Muet comme une tombe (JAK)
Le vieux grincheux- baptisé Jules par ses parents, cela remonte à combien d’années ? -est debout appuyé sur sa bêche, zieutant chaque jour le passage de son voisin. Mine de rien il donne l’apparence d’être appliqué par les nouvelles du jour.
Dès qu’il l’entraperçoit, il le hèle d’un « oh Léon » comme le font les autochtones de la campagne d’autrefois, pour lui enjoindre de venir trinquer.
Il sort rapidement du puits sa piquette de vin blanc devant un Léon, fourbu, et en sueur maintenu par son antique vélo qui lui sert ainsi de canne d’appui.
Il vient de terminer sa tournée postale bien arrosée ! Il est fort assoiffé par la cote et les nombreuses escales qu’il a fait dès potron-minet.
Il ressent cependant une certaine réticence devant ce Jules, pressentant inconsciemment une escobarderie, mais malgré tout il acquiesce à l’invitation désaltérante.
Ils devisent du temps, de la lune rousse, ou des poules qui ne pondent plus en ce moment. Parfois ils gaussent sur les dirigeants qui nous gouvernent, et qui ne sont pas à la hauteur. C’est du moins ce qu’ils écoutent le soir à la télévision, avant d’aller se coucher ensuite écœurés de tout ce foutu fourbi là-haut à Paris. Ils finissent par s’endormir devant l’écran, en ronflant.
Souvent un saucisson, sec comme un coup de trique, est sorti du tiroir comme pour mieux amadouer LeLéon ; c’est ainsi qu’il nomme, son voisin.
Ce Léon est sa seule distraction de vieux sauvage blasé, mais surtout il aimerait savoir… et il essaie de lui tirer les vers du nez pour connaitre ce qui lui parait être un grand secret de fabrication.
En effet depuis des lustres, il désire connaitre, cela devient une idée fixe, comment Leléon réussit si bien à obtenir des citrouilles qui ont la cote dans le pays et gagnent souvent le concours des plus belles des cucurbitacées du coin.
On vient de loin pour les admirer à la foire annuelle de fin octobre et Leléon en tire une certaine fierté.
Sournoisement, Jules l’espionne au moment du semis des graines, dès les premières gelées passées. Il veut à tout prix découvrir le geste auguste du semeur.

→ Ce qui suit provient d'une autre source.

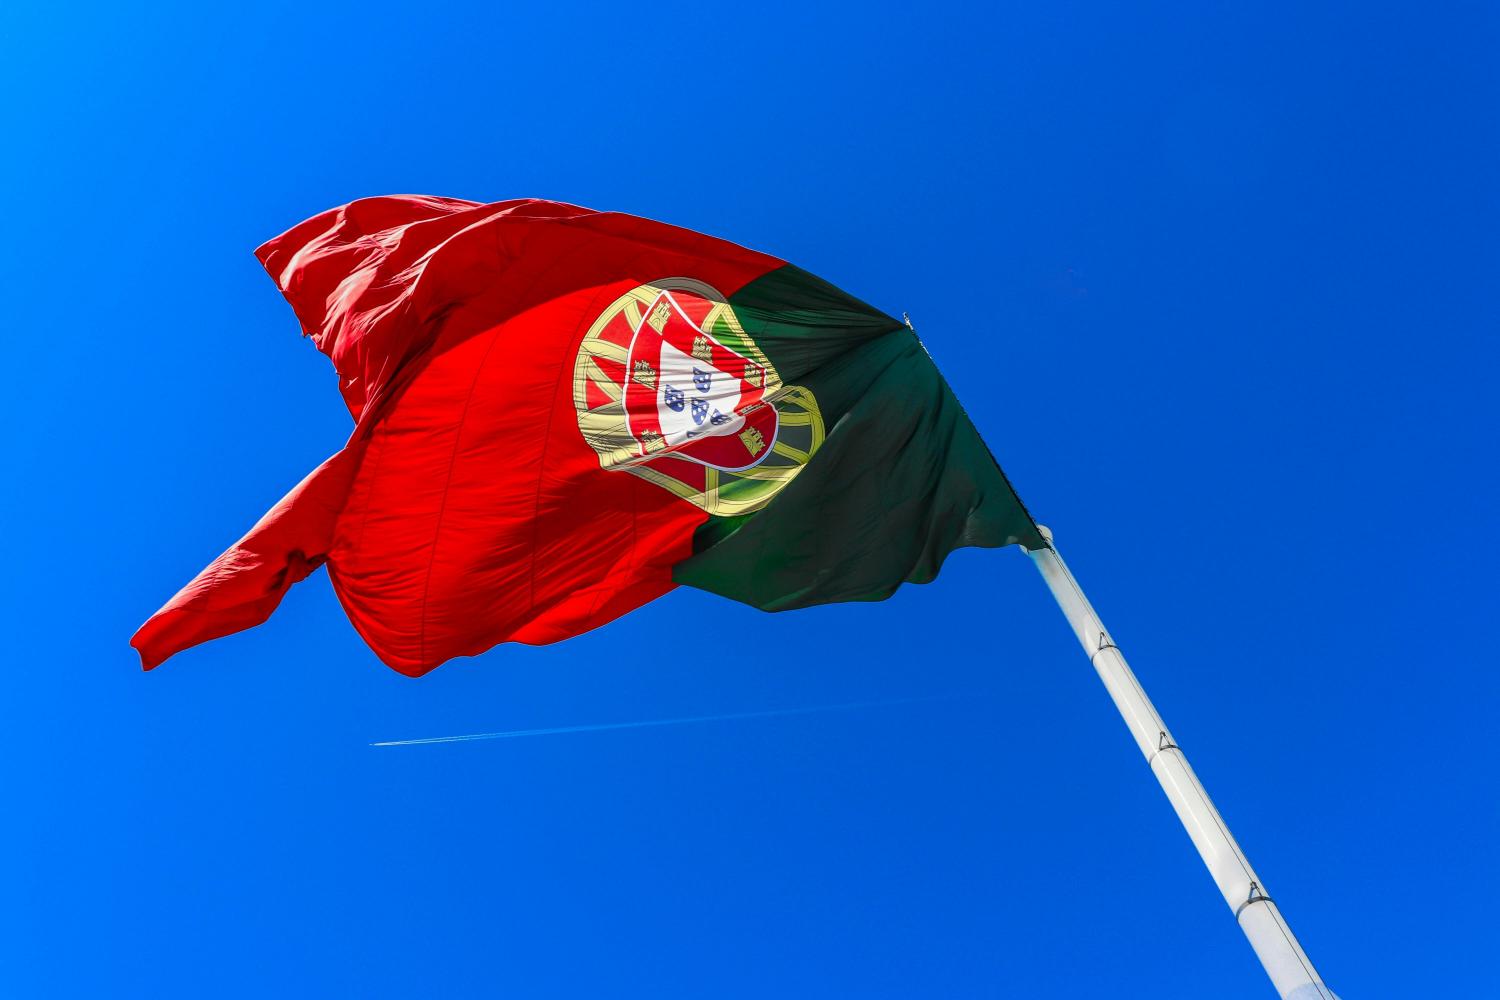 Português de Portugal está se ‘abrasileirando’? Saiba como as expressões brasileiras estão sendo incorporadas no país

Il cherche à savoir avec quel engrais secret naturel ils les coucounent, cela l’intrigue car plusieurs fois il l’a vu les arroser avec un jet d’urine, lui qui est diabétique !
Il le bigle, le lorgne dans tous ses faits et gestes. Et lorsque Leléon est parti, il saute la barrière de son jardin pour de visu faire des constats, tâter, sentir, tout comme Watson l’aurait fait avec sa loupe.
Il l’épie sans cesse.
Péniblement après la sieste sacrée, il grimpe sur l’échelle du grenier se faisant un passage au milieu des toiles d’araignées pour le zieuter encore et encore.

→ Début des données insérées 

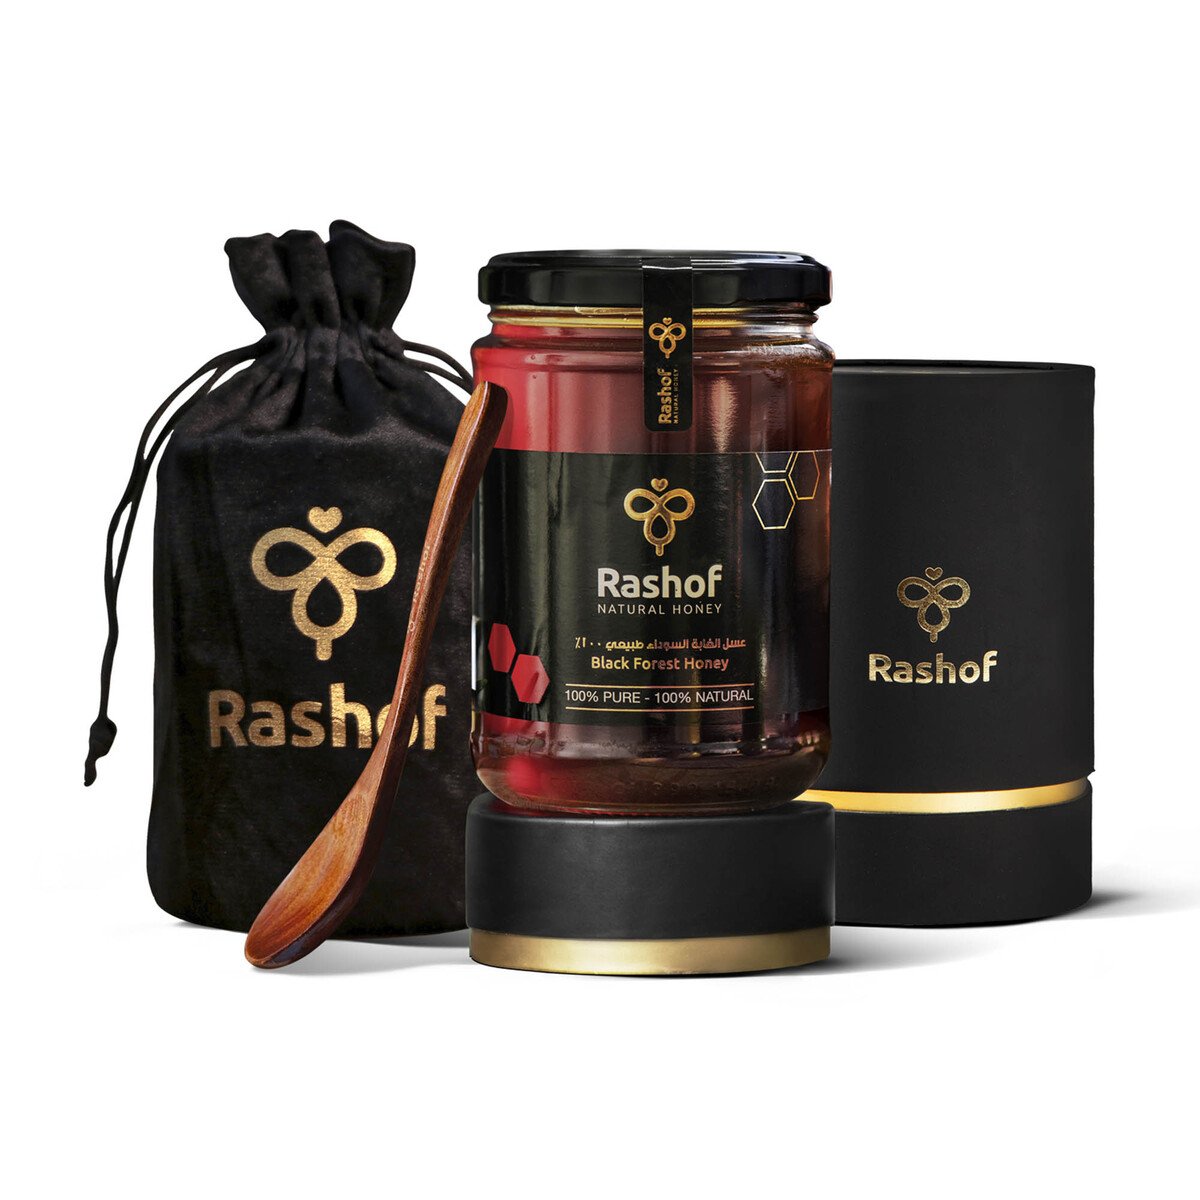 Rashof Natural Black Forest Honey 500g

Et là, tout essoufflé il se sert d’une une chaise vermoulue pour observer sans être vu par la lucarne qui donne sur le jardin du Léon.
Jusqu'au jour où s’étant penché un peu plus, il glisse sur le toit moussu et atterrit droit direct sur la plus grosse des courges la rendant invendable.
Mais surtout le vieux Jules y perd la vie.
On l'enterre en grande pompe, chacun derrière le corbillard se demande ce qu’il est allé faire là-haut sous les combles.
Maintenant il est au cimetière situé à côté de leur jardin respectif. Le brave Léon, à chaque automne, vient déposer délicatement sur la tombe du vieux grincheux, avec une pensée émue, des fleurs de cucurbitacée, celles qui repoussent parfois à l’automne sans toutefois donner de fruit et qui font le bonheur des cuisiniers modernes s’en servant pour le décor de leurs assiettes faisant la réputation de leur restaurant 3 *
Jules se retourne alors dans sa tombe, toujours aussi désespéré de n’avoir pu percer le secret de Léon.